A New York-based startup, TransActive Grid (TAG), has created an innovative community micro-grid that can change the way we look at the energy market.

Launched in Brooklyn, within the neighbourhoods of Gowanus and Park Slope, The Brooklyn Microgrid enables individuals to buy and sell renewable energy locally via residential rooftop solar installations without the involvement of a large utility company.

The disruptive Brooklyn Microgrid that engages individuals in buying and selling energy from each other using smart contracts, a peer-to-peer (P2P) platform and digital currency (Bitcoins).

Thanks to people connected to The Brooklyn Microgrid can securely engage in buying and selling energy from each other, using smart contracts and a peer-to-peer (P2P) platform powered by Ethereum. Energy is exchanged in digital currency, called Bitcoin.

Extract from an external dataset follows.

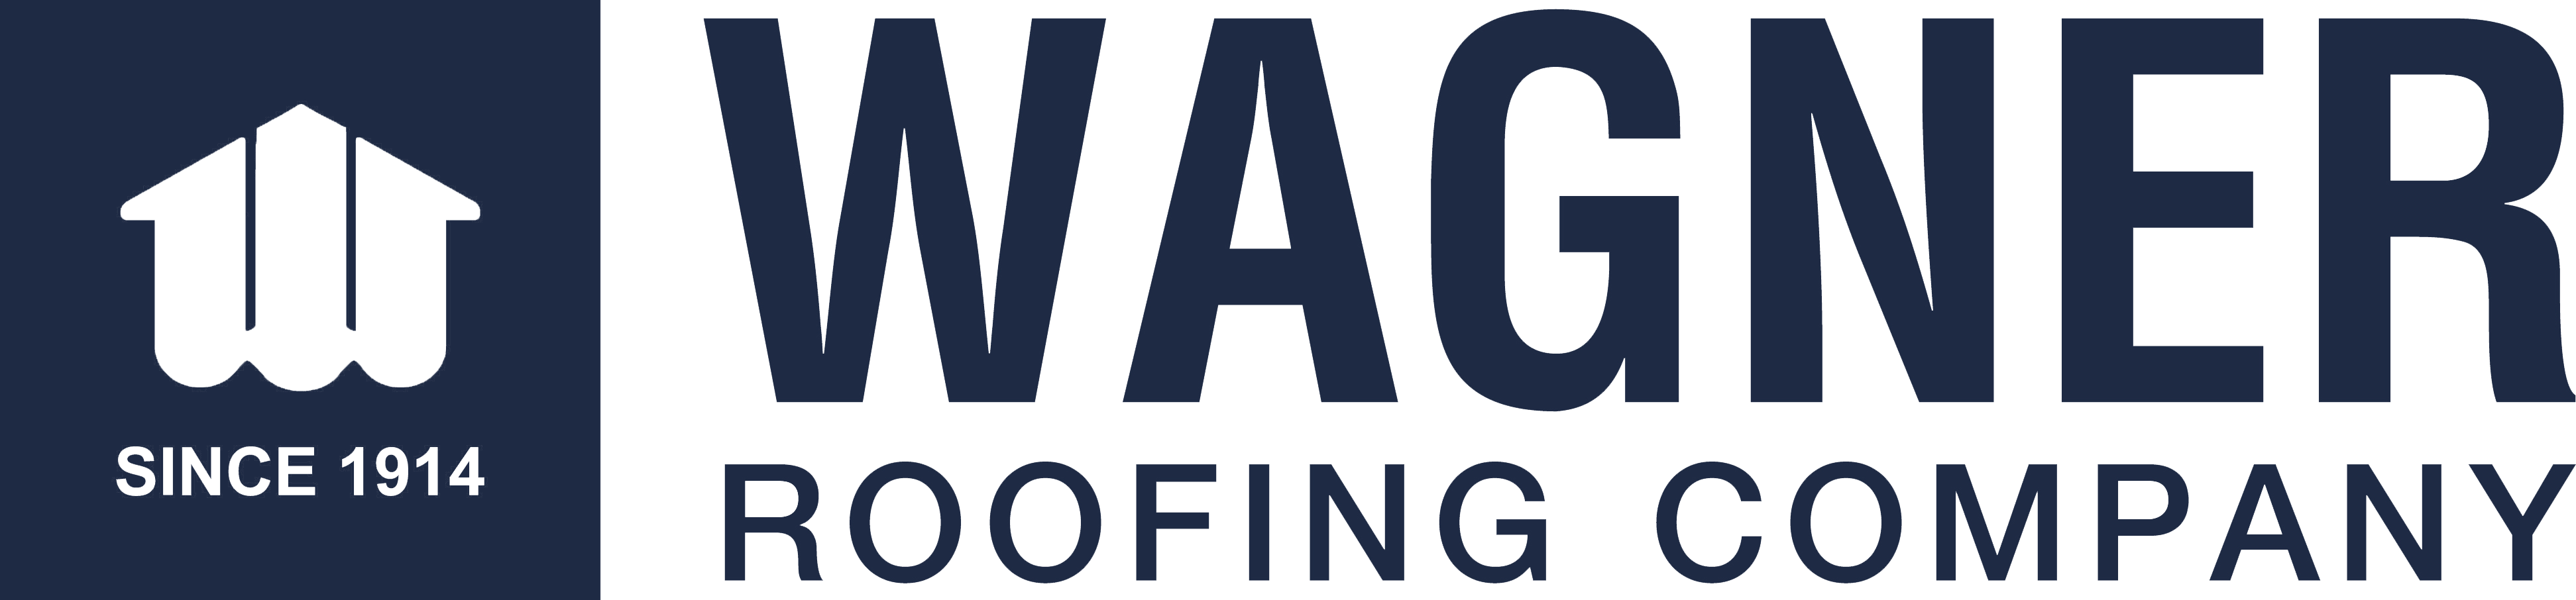 Wagner Roofing Company logo

“This whole concept benefits the area you live in. By buying energy locally, rather than from a national entity, the money goes back into the pockets of people in the community. In future we plan to enable people to set preferences to maximise savings, do good in the community, and potentially sell energy cheaper to lower-income residents.” said Joseph Lubin, Co-founder at TAG, a joint venture between LO3 Energy, founded by Lawrence Orsini, and consensus systems.

New York Governor Andrew Cuomo is strongly convinced that micro-grids can provide power resiliency and reliability while a significant enhancement in terms of energy efficiency. Microgrids, in fact, are local energy networks that, during extreme weather events or emergencies, are able to separate from the larger electric grid. More than $48 million incentives were launched between last year and January 2016 to support the development of several community-based microgrids in New York.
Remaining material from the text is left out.